There must be some way to fix it, even if it involves SSH'ing into the iPhone. I'm just not super comfortable on where it would be located and such...


----------



## Rob (Sep 14, 2002)

Have you tried turning off 3G? You don't need 3G if you're not using data.


----------



## Niteshooter (Aug 8, 2008)

Rounder said:


> Actually it's not a third party app, it's the SMS application itself that causes this. (really it's any application that requires a data connection, however if you have no data plan like my girlfriend, she's not going to start up safari in hopes to magically be online, hence why this is such a bummer for the SMS app causing this problem, as 99% of people with phones send text messages.

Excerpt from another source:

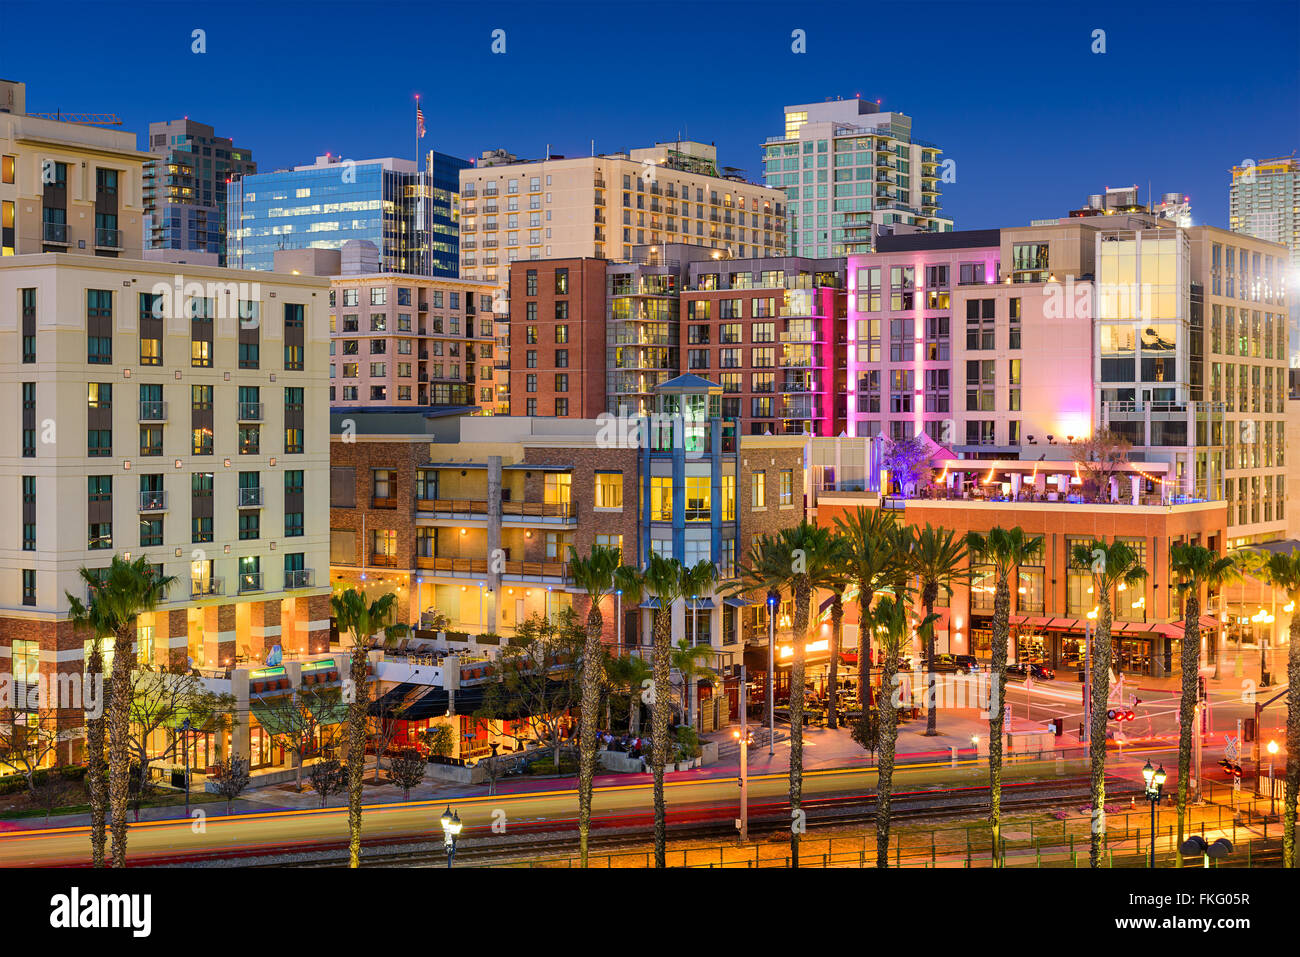 Ciudad de San Diego, California, en el distrito de Gaslamp. Foto de stock

Hmm I do have a data plan which I keep turned *off* because I am close to wifi networks I can access (Enable 3G *on* / Cellular Data *off*) ... so I only use WIFI for browsing and downloading apps and such.

Not sure I follow your comment about being magically online since I'm 'magically' online the minute I get close to home or work?

I do not text, never have. I guess if that is the case then call it in as a bug report and perhaps it will get sorted out in a sw revision...


----------



## stevenjev (Nov 6, 2010)

Rob said:


> Have you tried turning off 3G? You don't need 3G if you're not using data.


Yep 3G is off.. In fact, since the sim has data blocked on it, I am not able to ever connect to 3G or EDGE. And yes, SMS and phone calls still work..


----------



## Rounder (Aug 9, 2008)

I know a lot of people would think there's a simple solution to this, but the reality is there doesn't seem to be. Trust me, I've tried many many things and still didn't work. No matter what, when using SMS with no data plan, it'll give the cannot cannot to cellular data network error. I'd love a solution to this. But it seems to be the SMS application itself.


----------



## nick24 (Jul 11, 2006)

I have an iPhone 4, on Fido, purchased outright, no data plan, just $15 per month contract. I can use text messages fine, and checking now, my data usage is 0 up, 0 down. It doesn't help you, but I wanted to show that it is possible to have an iPhone with no data without the issue that you are having.


----------



## Rounder (Aug 9, 2008)

I think you're misunderstanding. There's no problem using SMS, it's not using up any data, it simply tries to connect to data for whatever reason. So yes I know it's possible, but this has only started since iOS 4.1. Before that, the message would never appear, ever.


----------



## Z06jerry (Mar 16, 2005)

Rounder said:


> That's already done. Cellular Data is off. That's why I don't understand why SMS messages are trying to connect. They send fine but everytime she sends them or even just goes in the Messages App, she gets the "Cannot Activate Cellular Data Network". Trust me, I've tried almost everything and that's why I'm hoping to get some other insights of things to try... Cause I'm out of ideas! It's bizarre.


Are your carrier settings set to Automatic? If not try switching your carrier settings to Automatic.

I am currently travelling in the US using a T-Mobile SIM in my iPhone 3GS (4.0.1) with no data plan and if I set my carrier to T-Mobile I get the pop-up. For some reason when I switch it to Automatic it solves the problem for me.


----------



## Rounder (Aug 9, 2008)

Z06jerry said:


> Are your carrier settings set to Automatic? If not try switching your carrier settings to Automatic.
> 
> I am currently travelling in the US using a T-Mobile SIM in my iPhone 3GS (4.0.1) with no data plan and if I set my carrier to T-Mobile I get the pop-up. For some reason when I switch it to Automatic it solves the problem for me.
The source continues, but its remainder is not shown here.